The Loose Moose - the outside The Loose Moose - the restaurant The Loose Moose - the burger The Loose Moose - the burger

Portland Variety


Location
: 587 King Street West, Toronto
Websitehttp://www.portlandvariety.com/

I often feel like a broken record writing burger reviews.  I’ve written almost 200 of these things at this point, and there are only so many ways you can describe a hamburger before you start repeating yourself (and repeating yourself, and repeating yourself).

Of course, the vast majority of people reading any given review will have popped in based on a Google search; they’ll read the review they came for, and that’s that.  Those people have no idea how repetitive these reviews can be, which, oddly, makes me feel a little bit better about the whole thing.

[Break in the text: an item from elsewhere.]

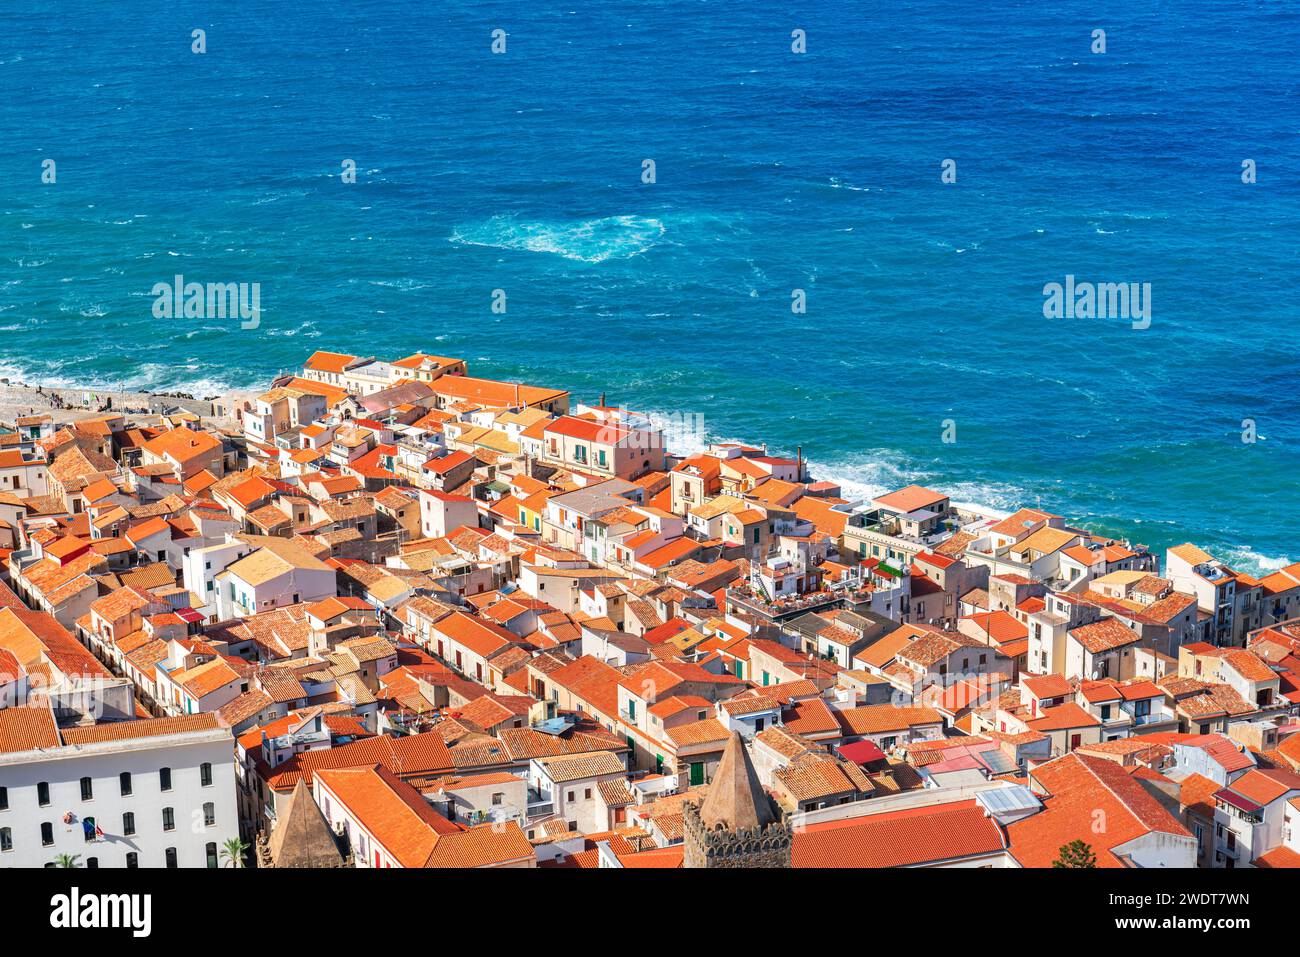 Das alte Fischerdorf Cefalu mit roten Dächern und weißen Häusern von oben gesehen, Provinz Palermo, Tyrrhenische Meer, Sizilien, Italien, Mittelmeer Stockfoto

But if you’re one of the much smaller group of people who have read a bunch of these reviews… get ready for some greatest hits.  These complaints are all going to seem pretty familiar.

And yes, it’s mostly complaints, sadly.  Though I’ve actually heard very good things about the burger at Portland Variety, the one I was served wasn’t particularly good.

The PV Burger, per the restaurant’s menu: “House made milk bun, smoked applewood cheddar, zucchini pickle, gherkin aioli, cassava frites.”

The main problem?  The texture.  The patty was way, way too finely ground and tightly packed (I’ve never made that complaint before, right guys??).  It wasn’t too bad around the medium-well middle, but the well done edges were dry, dense, and chewy.  It has that saltine effect, where you feel like you need to take a drink of water between each bite to prevent your mouth from completely drying out.

Otherwise, the burger is either fine or slightly better than fine. Aside from the aforementioned issues, the patty was decent enough (if a bit too peppery), with a mild beefy flavour and a decent amount of juiciness (at least around the middle).  If it weren’t for the fine grind and the dense texture, it would have been a solid burger.

This would be the part of the review where I’d mention if it was griddled or grilled, but to be honest, despite the fact that it’s only been a few hours since I ate it, I’ve already forgotten.  It wasn’t particularly memorable.

As for the toppings, the pickles were fine, and the cheddar was probably a bit too strong, but it was melty and tasty.  The “gherkin aioli” basically just tasted like a grainy mustard.  It wasn’t bad — I generally find mustard a little overpowering on a burger, but this had a nice zing without getting in the way.

The bun was great.  It was easily the best part of the burger.  It was soft and fresh, with the perfect amount of substance.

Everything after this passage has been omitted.